• **WHAT YOU ARE ASKED TO DO**
Repeat the lines below exactly as they appear, but leave out the images.

• **SOURCE DATA**

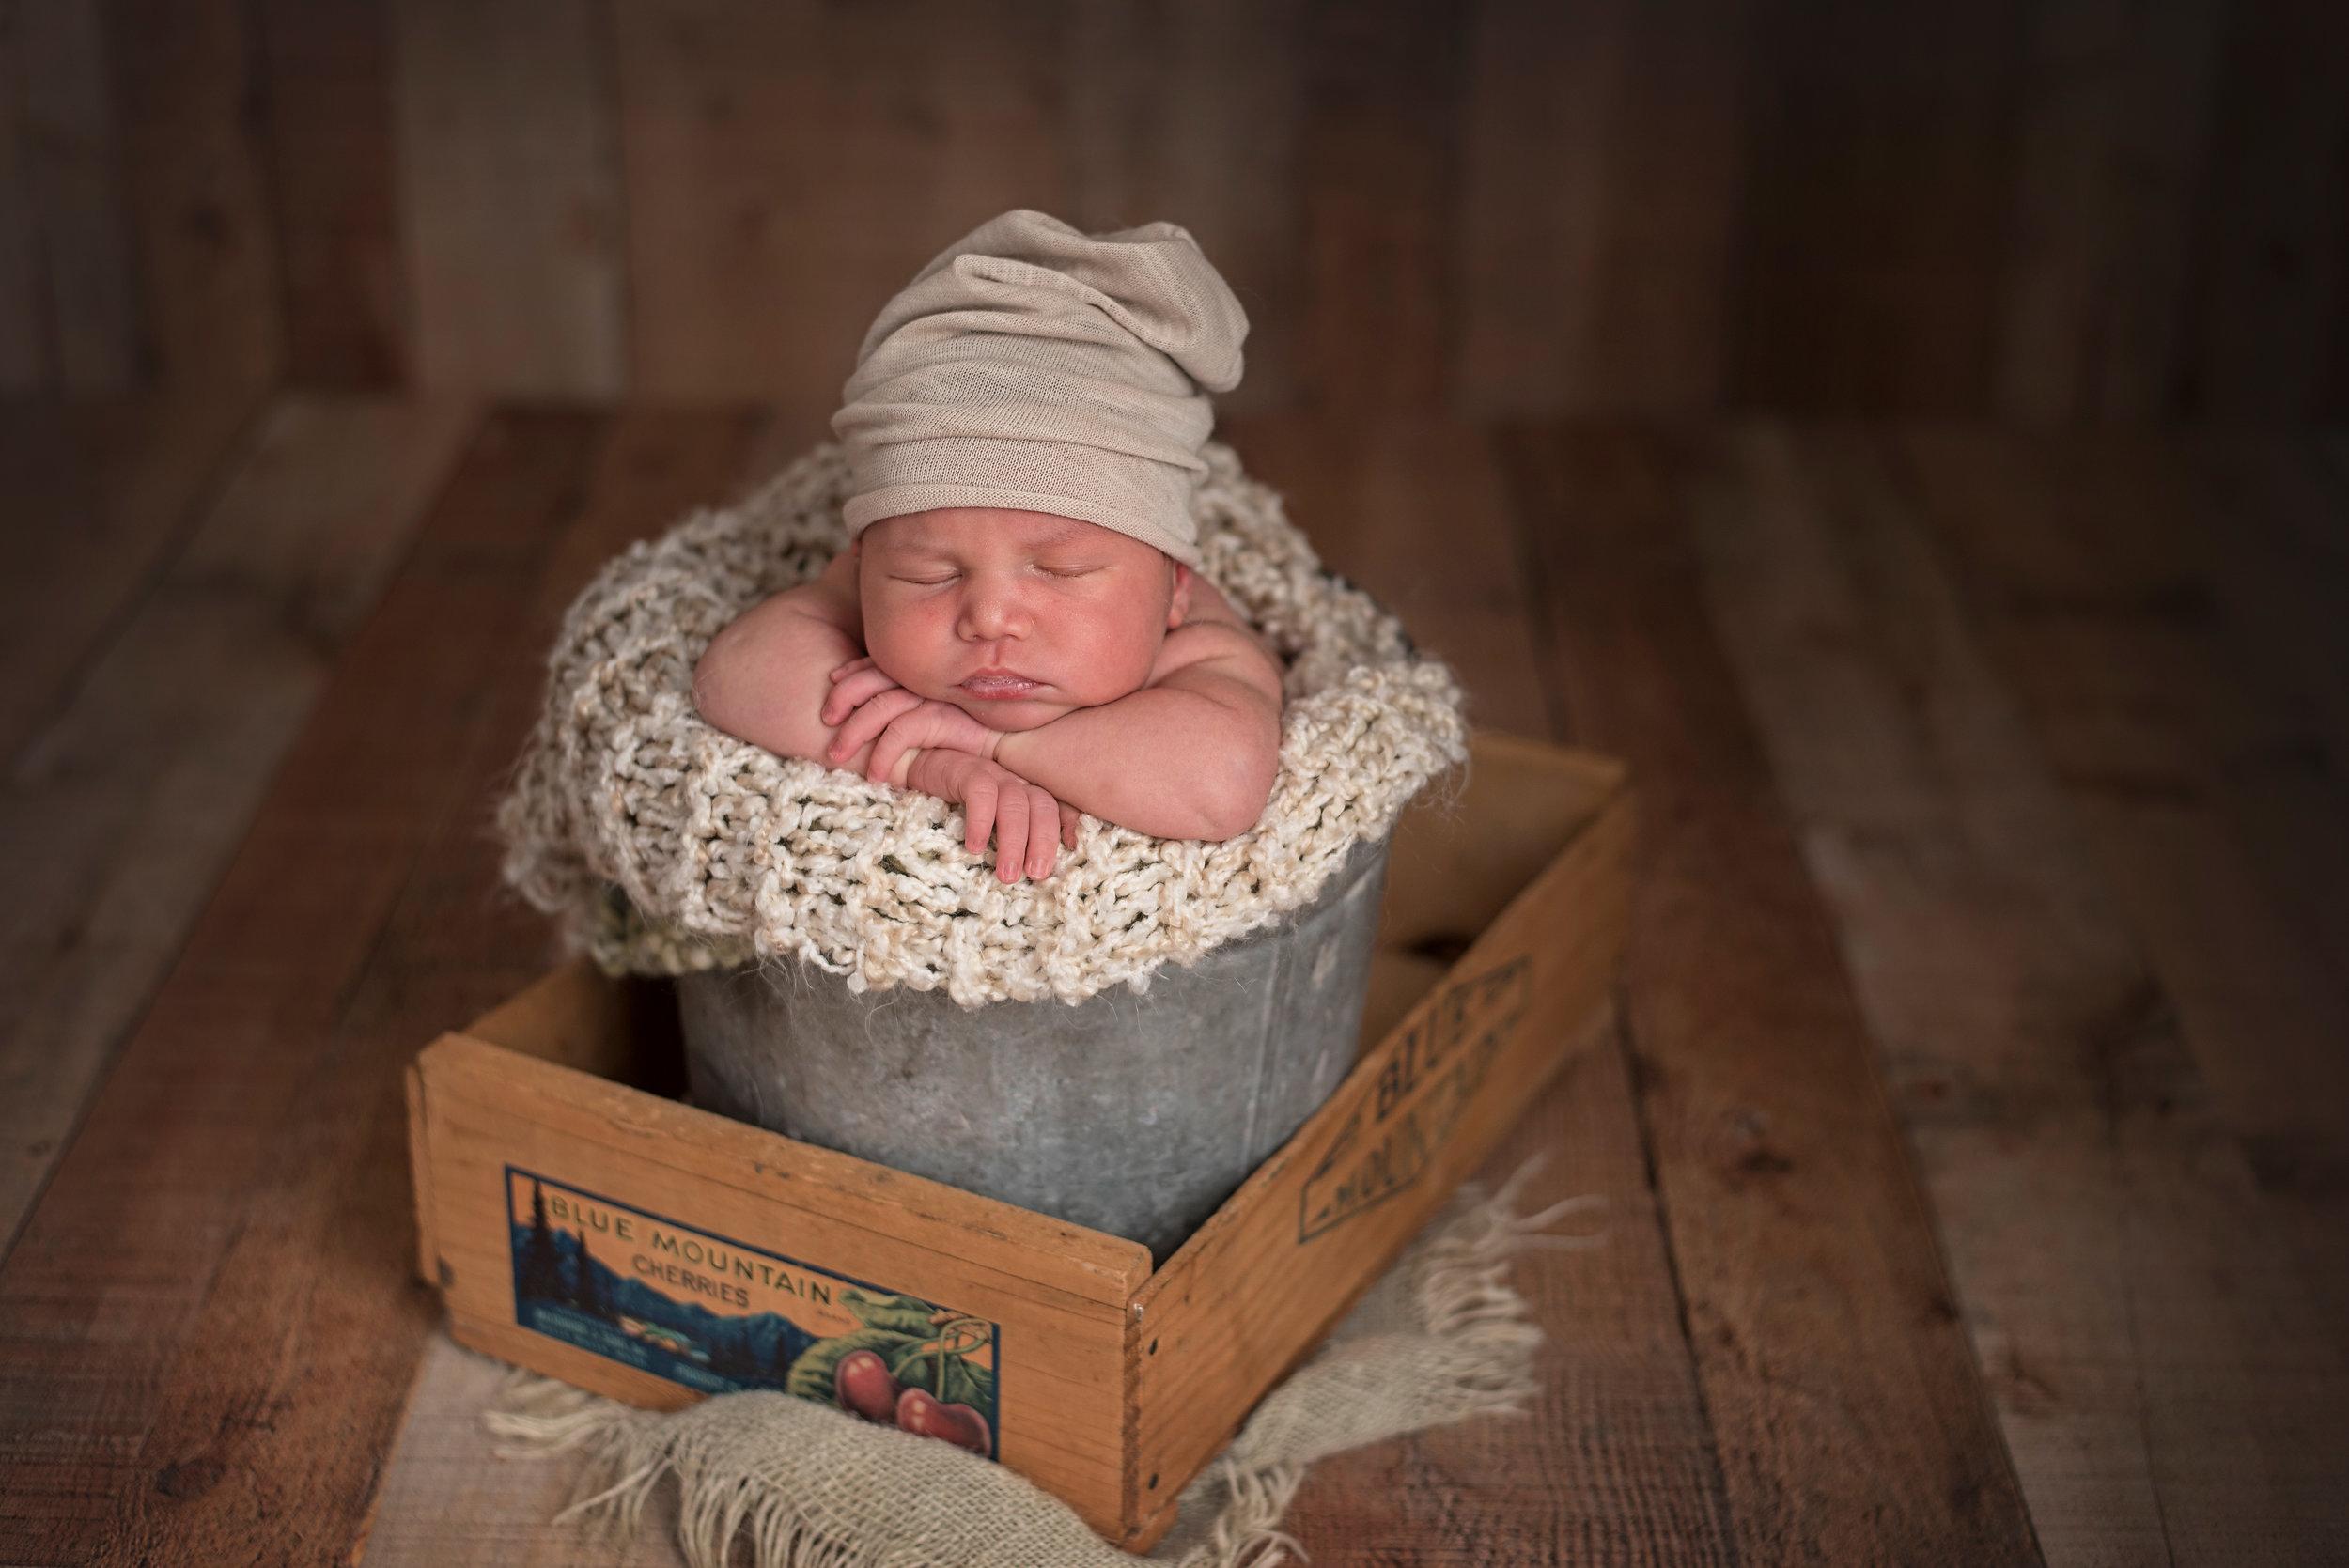 Lonsdale_Newborn_Photographer8.jpg
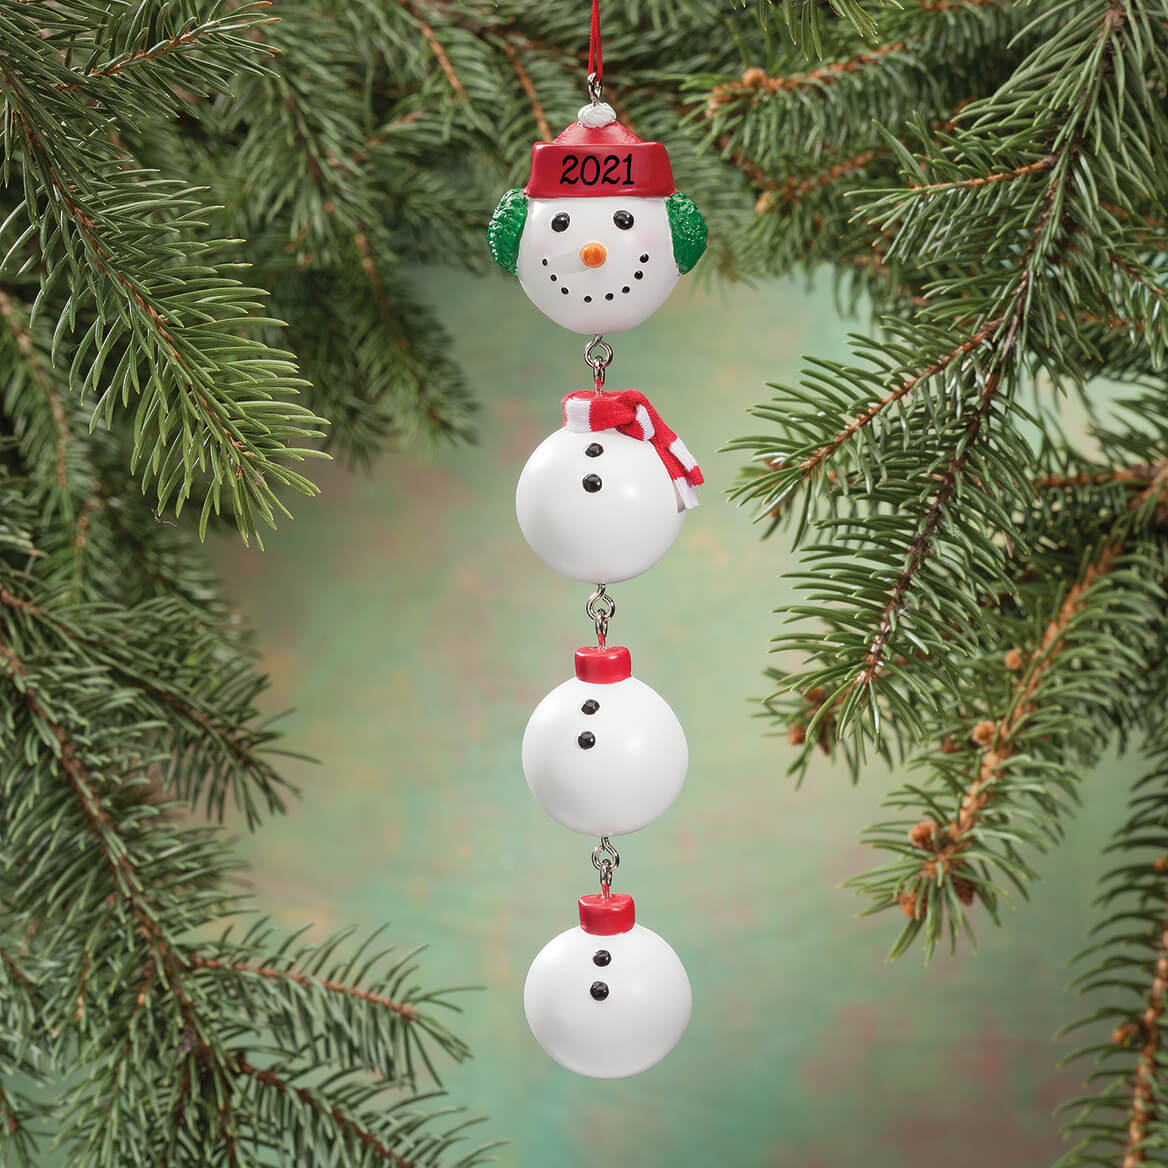 Snowman Family Ornament Snowman Christmas Ornament
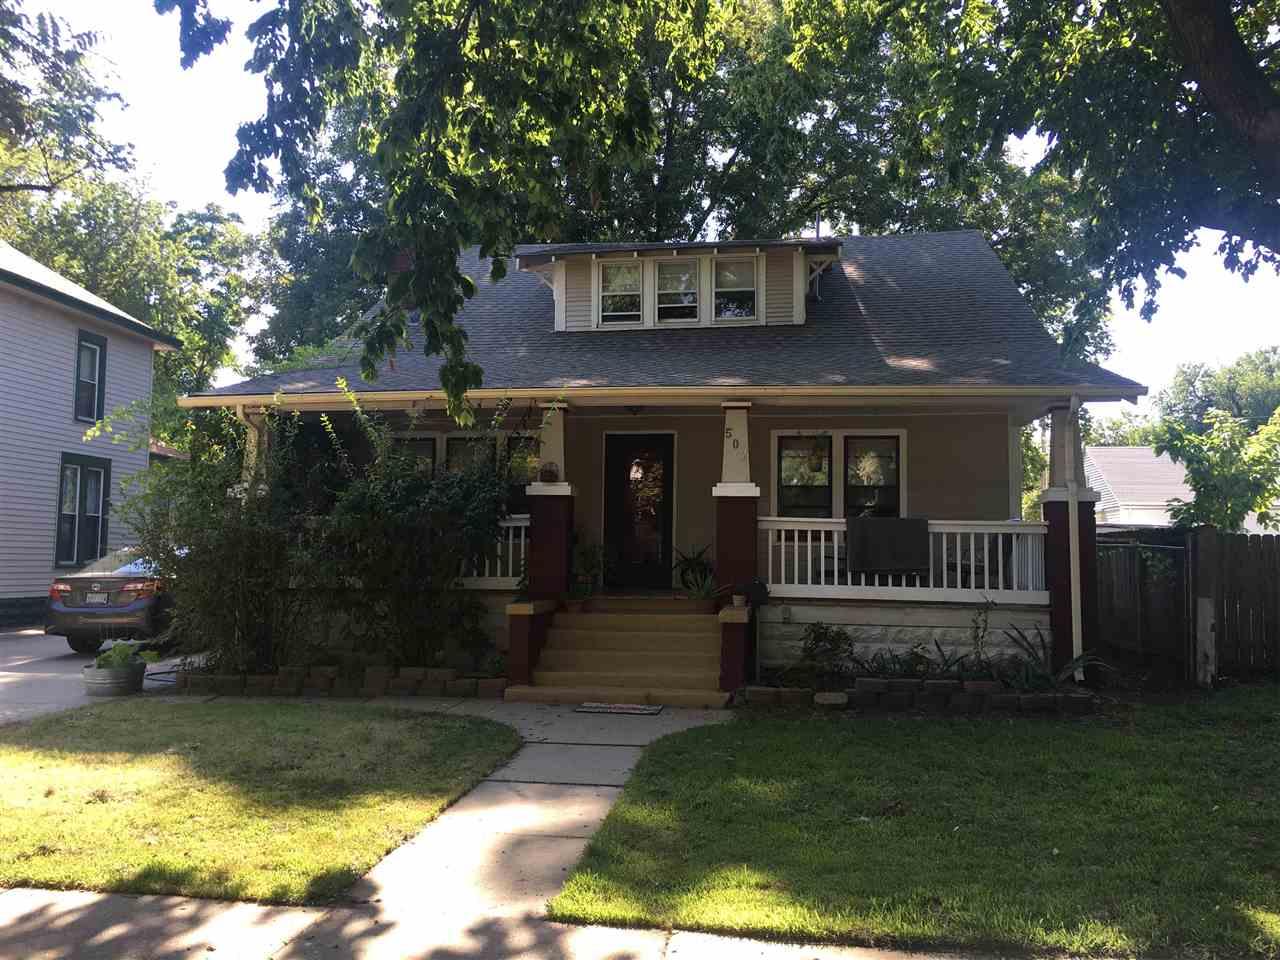 507 S Millwood Ave, Wichita, KS 67213

• **REPLY TO THE EXERCISE**
 Lonsdale_Newborn_Photographer8.jpg
 Snowman Family Ornament Snowman Christmas Ornament
 507 S Millwood Ave, Wichita, KS 67213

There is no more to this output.